— Work request —
Retype the listing below line for line, but only from the line with "Evenflo SureRide DLX" down to the line with "Energielabel Oosterlengte 16 Amsterdam", inclusive. Pictures stay out.

— Data supplied —
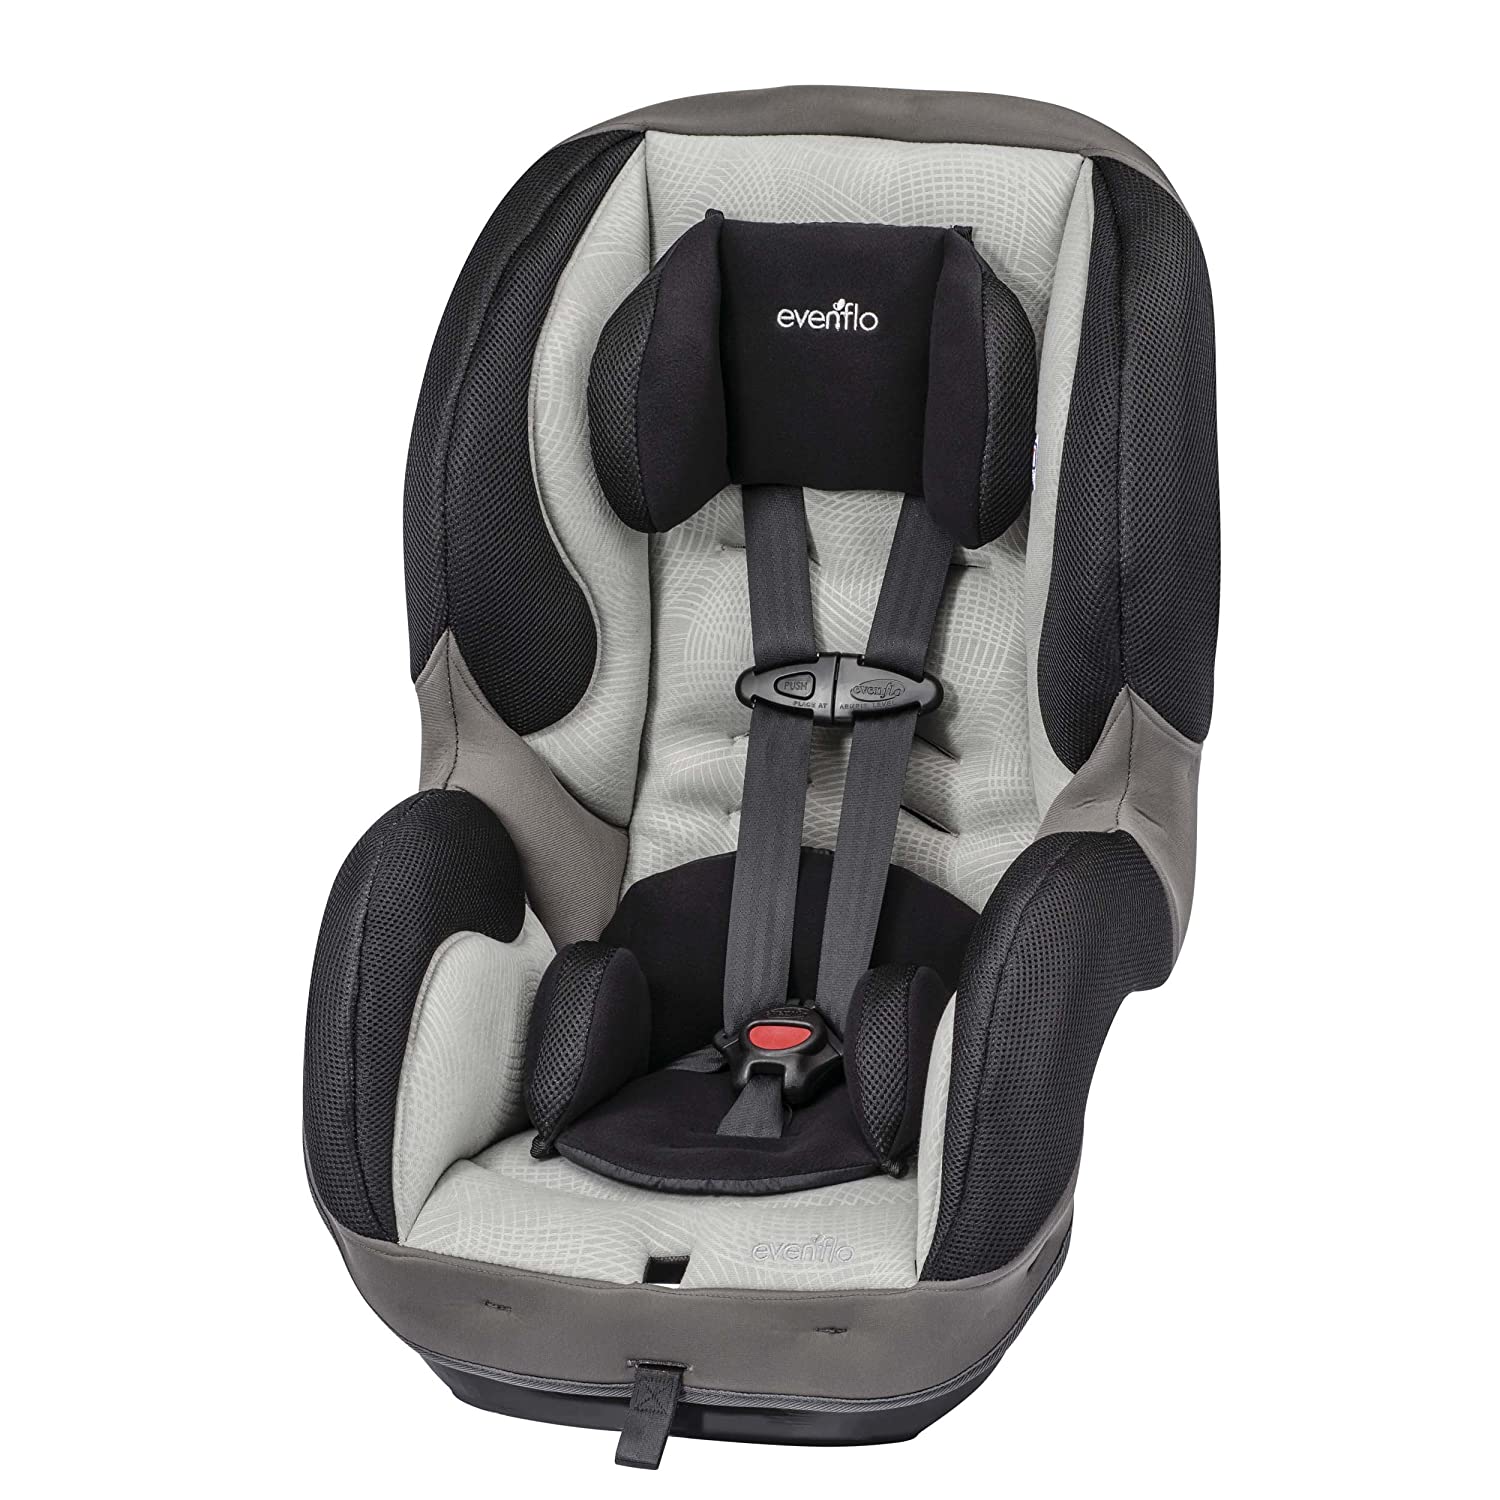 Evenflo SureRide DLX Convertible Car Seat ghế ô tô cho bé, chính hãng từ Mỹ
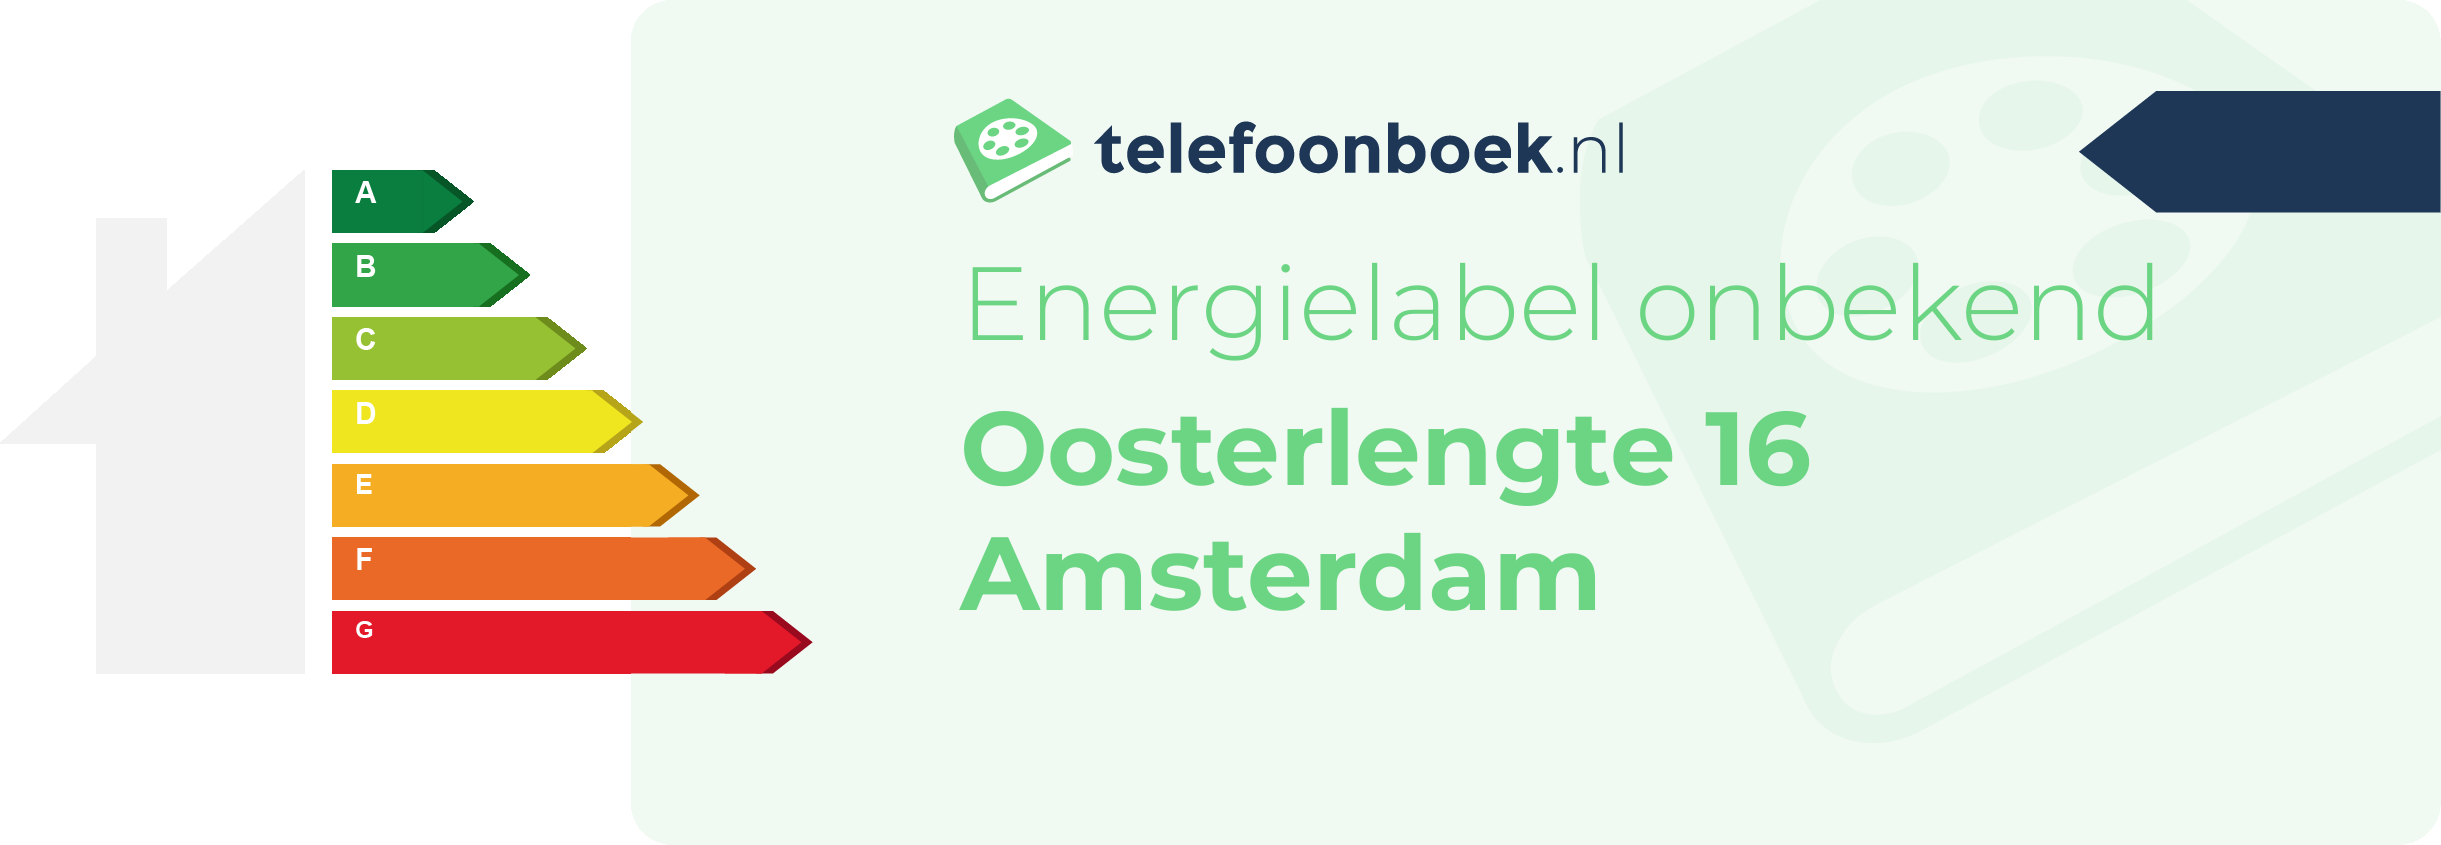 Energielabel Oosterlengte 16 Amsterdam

---

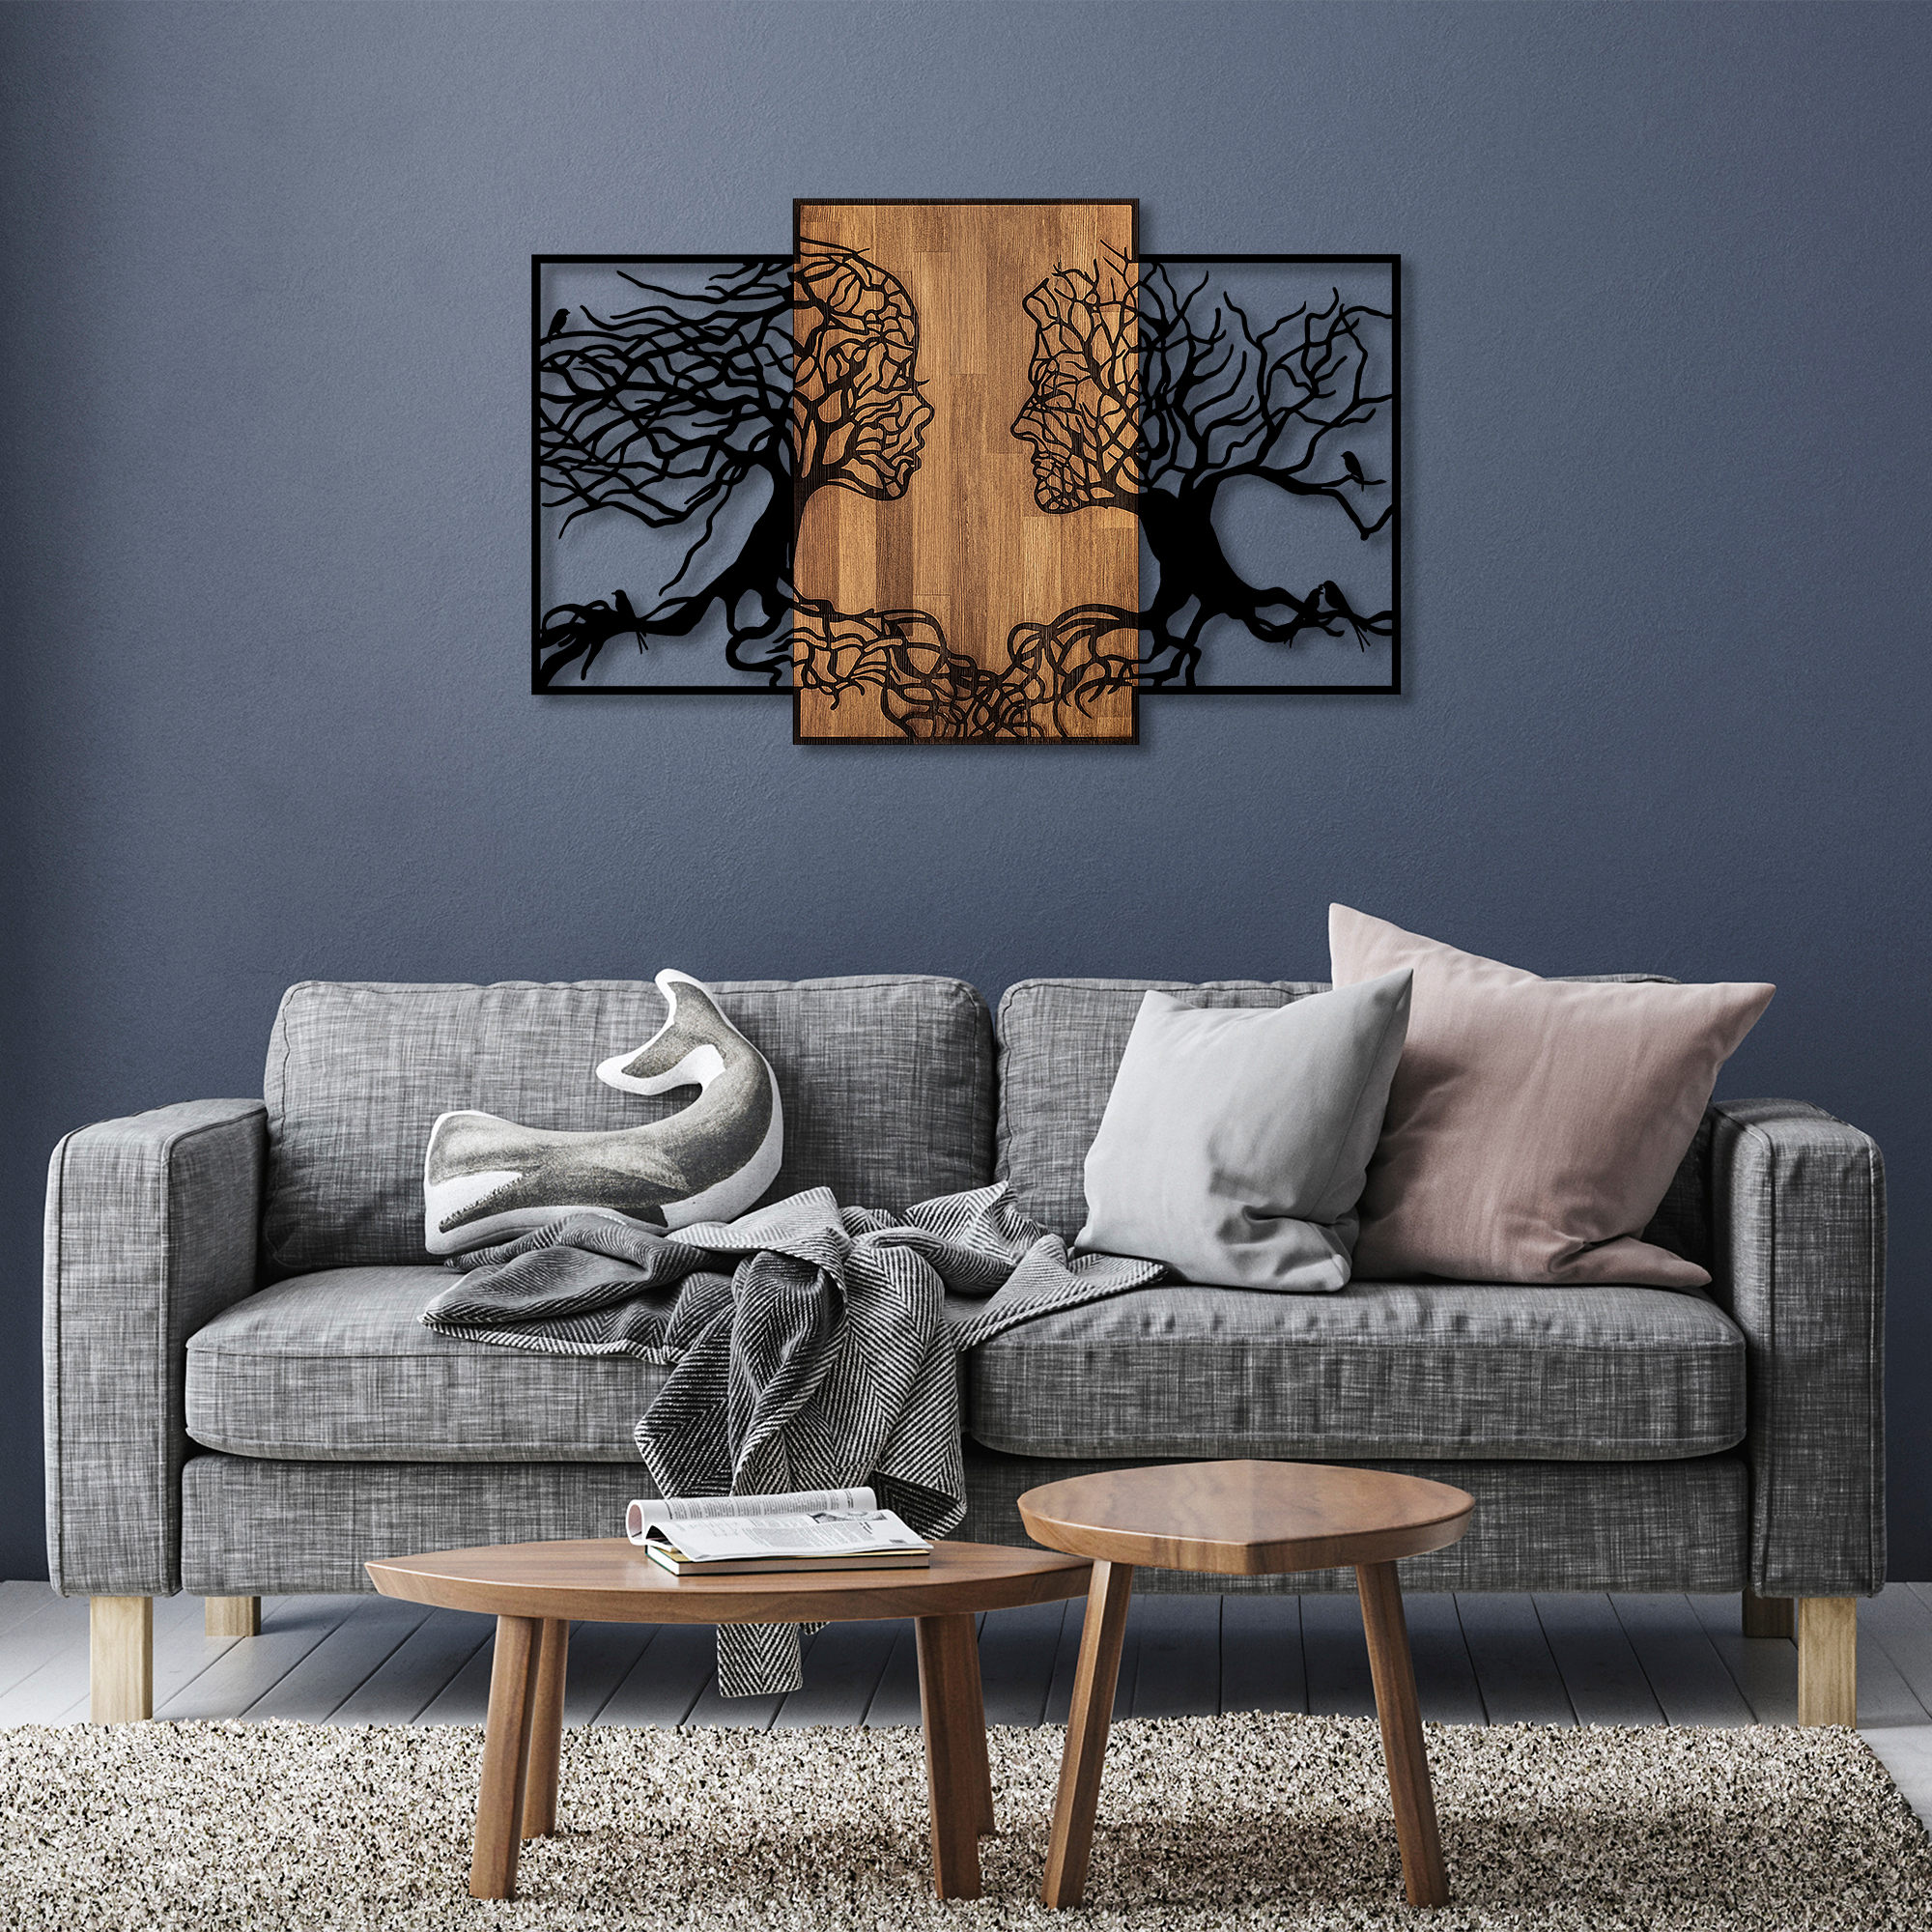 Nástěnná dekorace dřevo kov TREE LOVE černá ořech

— Solution —
 Evenflo SureRide DLX Convertible Car Seat ghế ô tô cho bé, chính hãng từ Mỹ
 Energielabel Oosterlengte 16 Amsterdam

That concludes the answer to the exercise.